**What you will do**: Going line by line through the records below, write out everything starting with the line containing "Measures cm: H 47, W 66, D 22." and going on through the line containing "Clay jugs hanging", exactly and inclusively. Pictures do not go in.

**Supplied records**:
▼
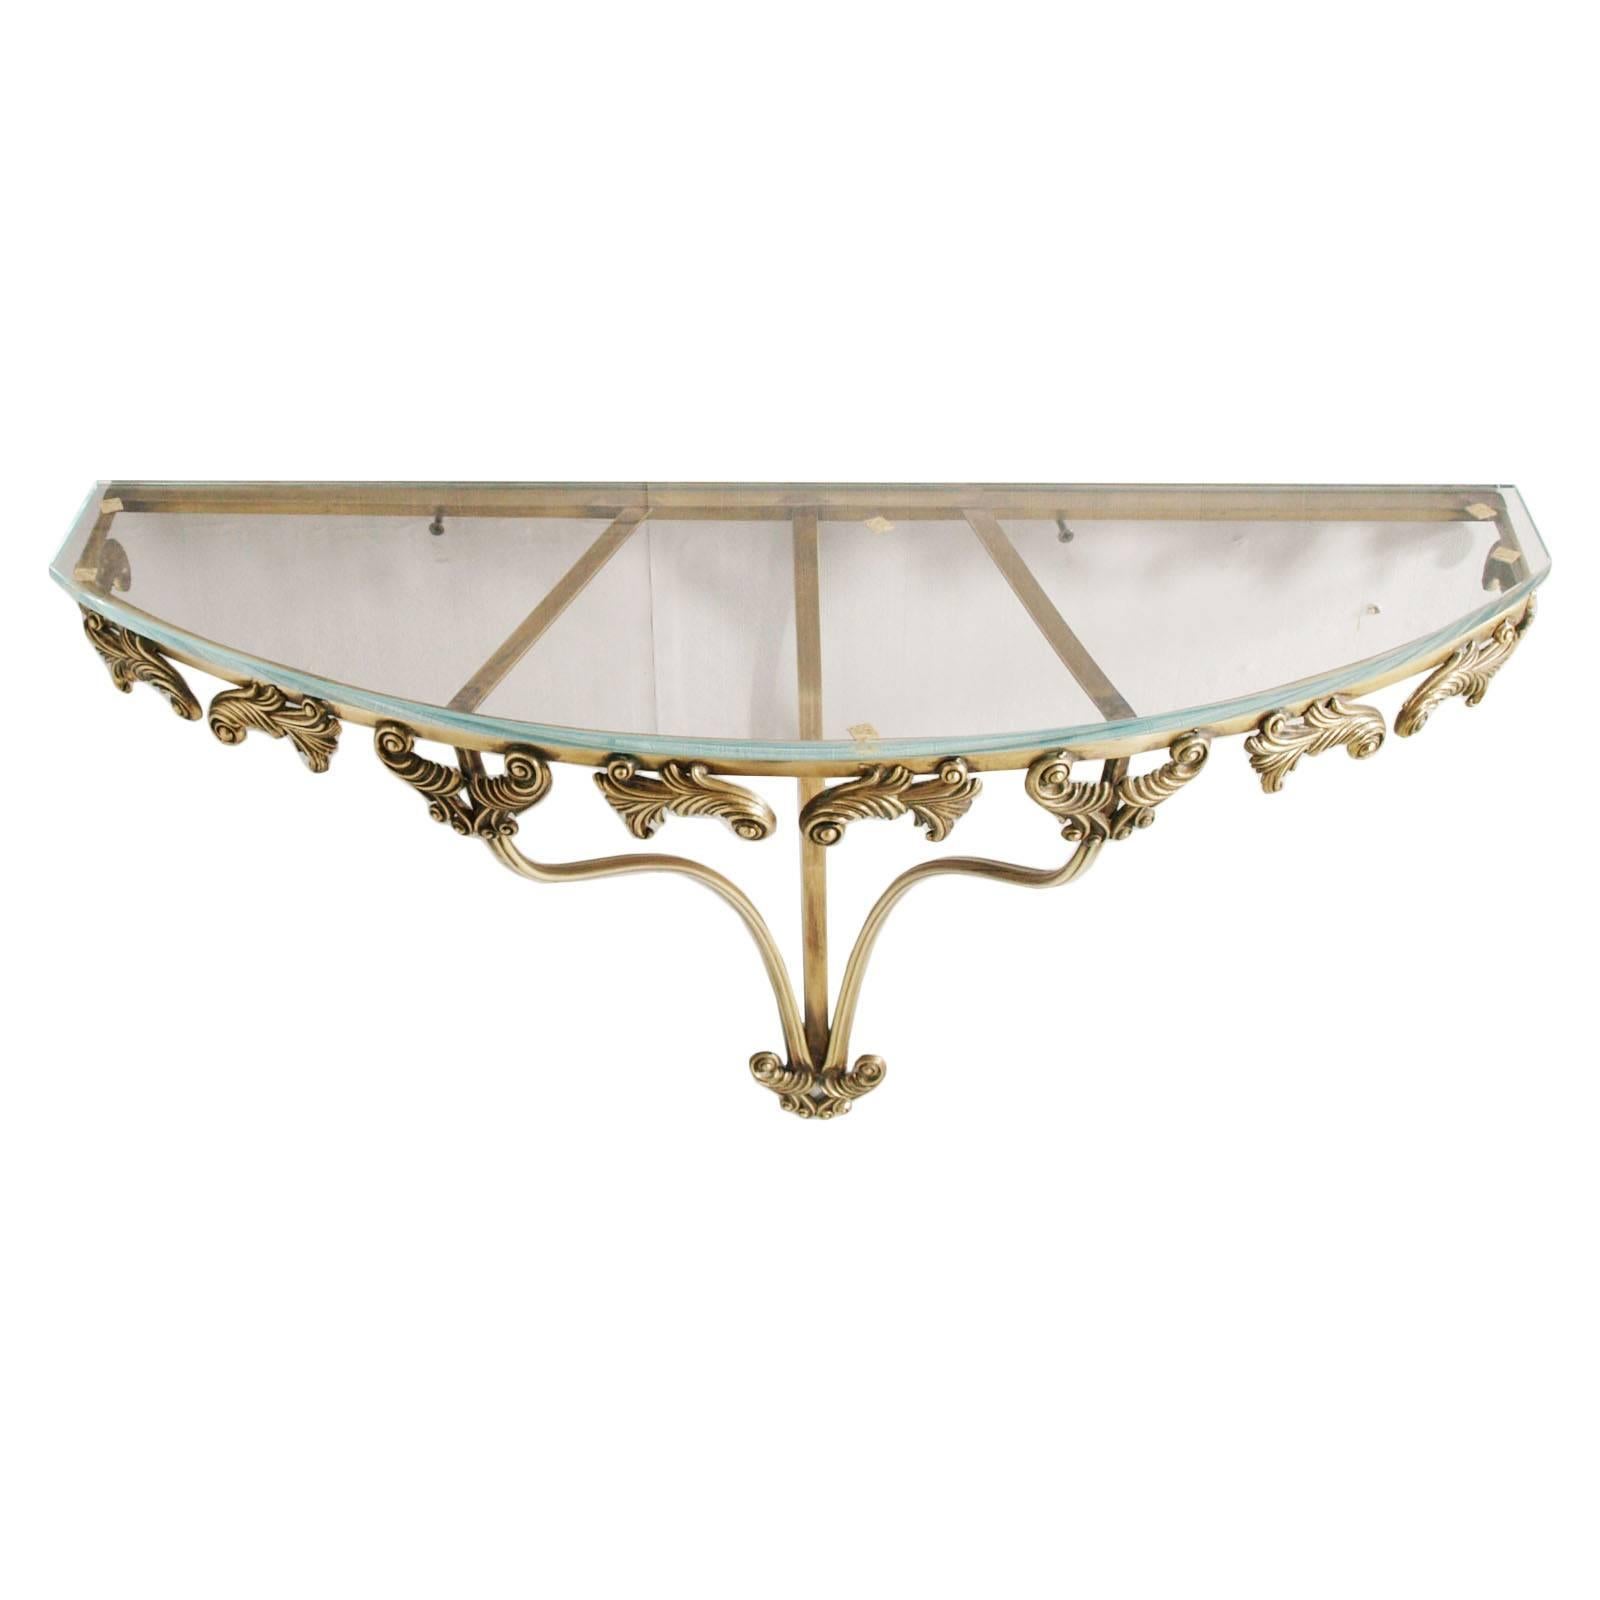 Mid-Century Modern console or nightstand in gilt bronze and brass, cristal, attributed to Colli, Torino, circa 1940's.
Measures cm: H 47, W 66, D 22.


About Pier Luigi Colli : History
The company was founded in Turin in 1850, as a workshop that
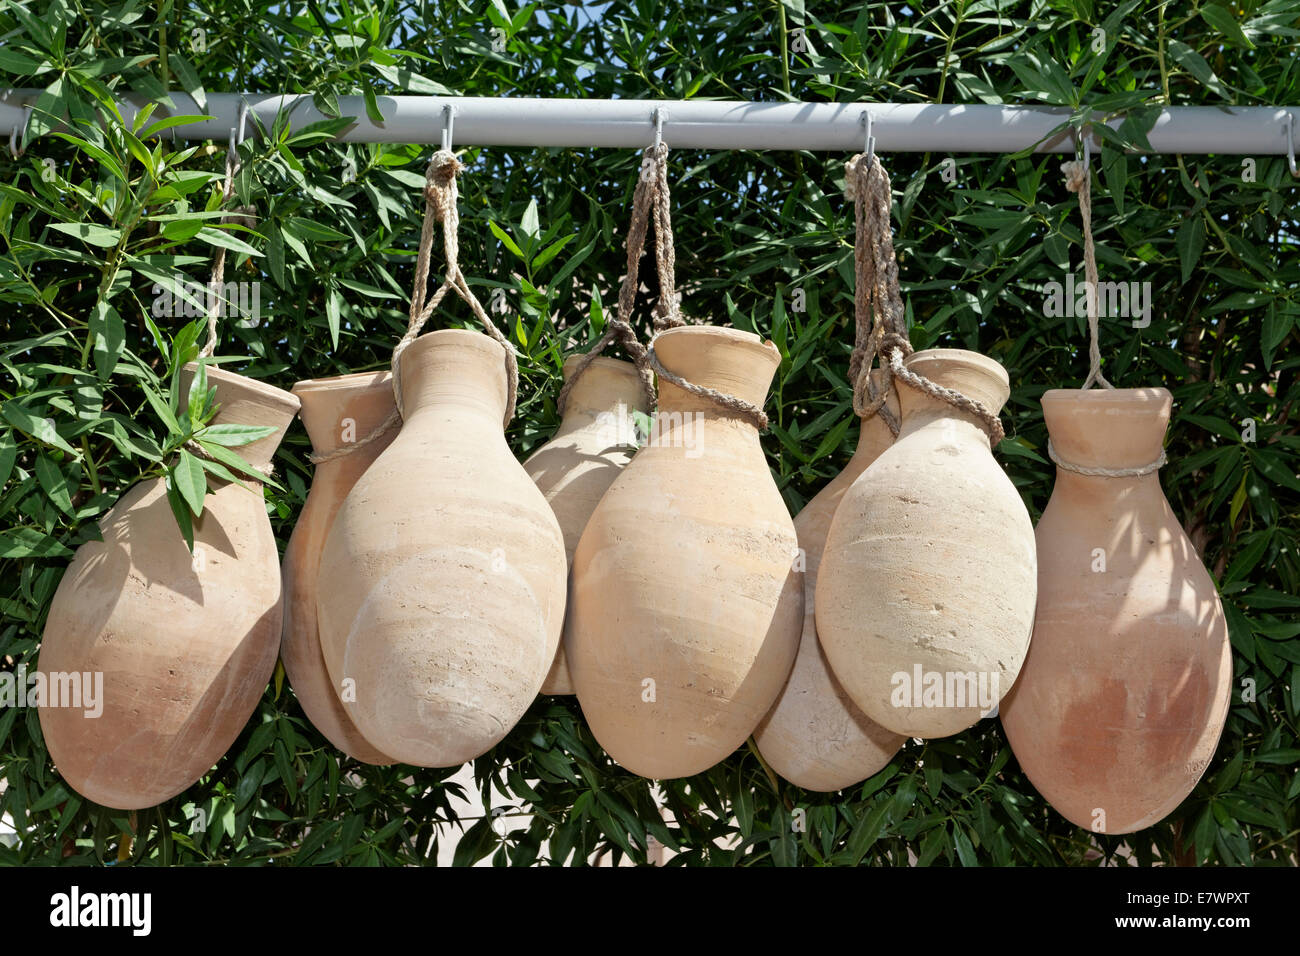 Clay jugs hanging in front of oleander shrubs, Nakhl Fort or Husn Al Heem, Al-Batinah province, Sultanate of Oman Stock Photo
▲
▼
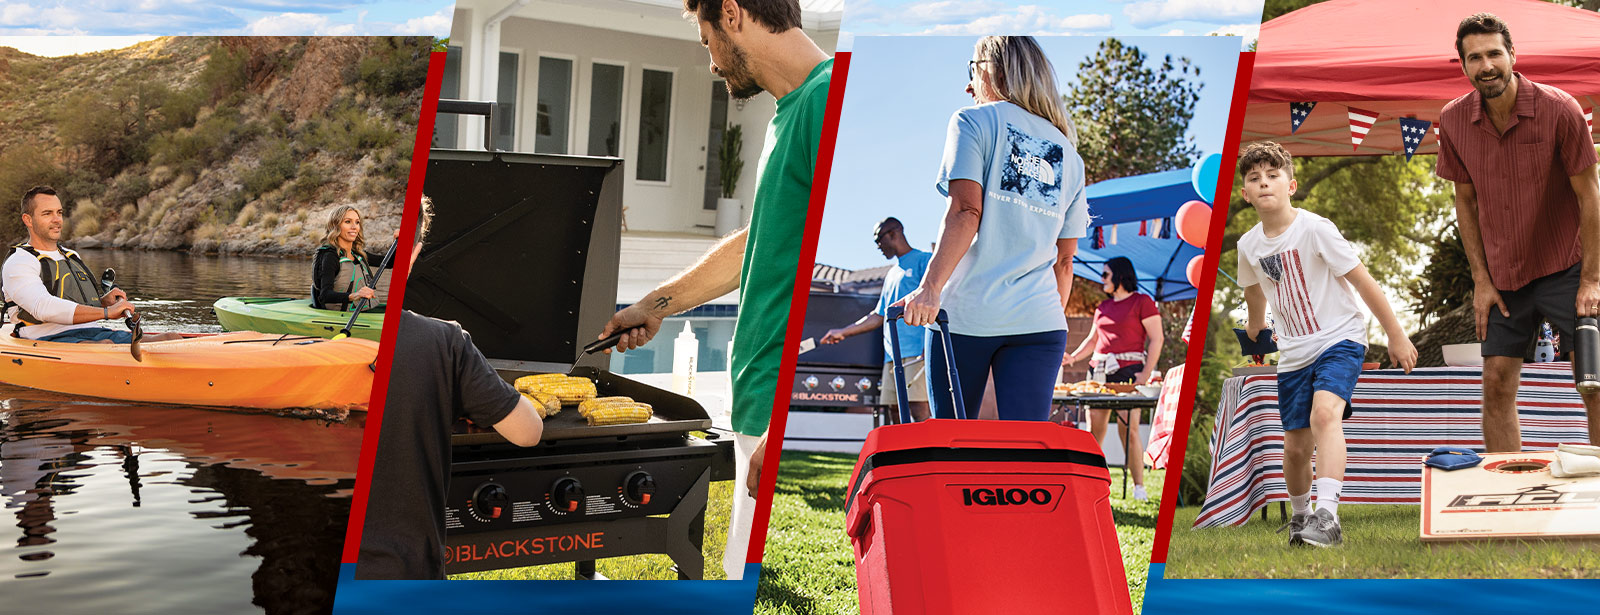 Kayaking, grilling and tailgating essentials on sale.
▲
**Solution to this problem**:
Measures cm: H 47, W 66, D 22.


About Pier Luigi Colli : History
The company was founded in Turin in 1850, as a workshop that
 Clay jugs hanging in front of oleander shrubs, Nakhl Fort or Husn Al Heem, Al-Batinah province, Sultanate of Oman Stock Photo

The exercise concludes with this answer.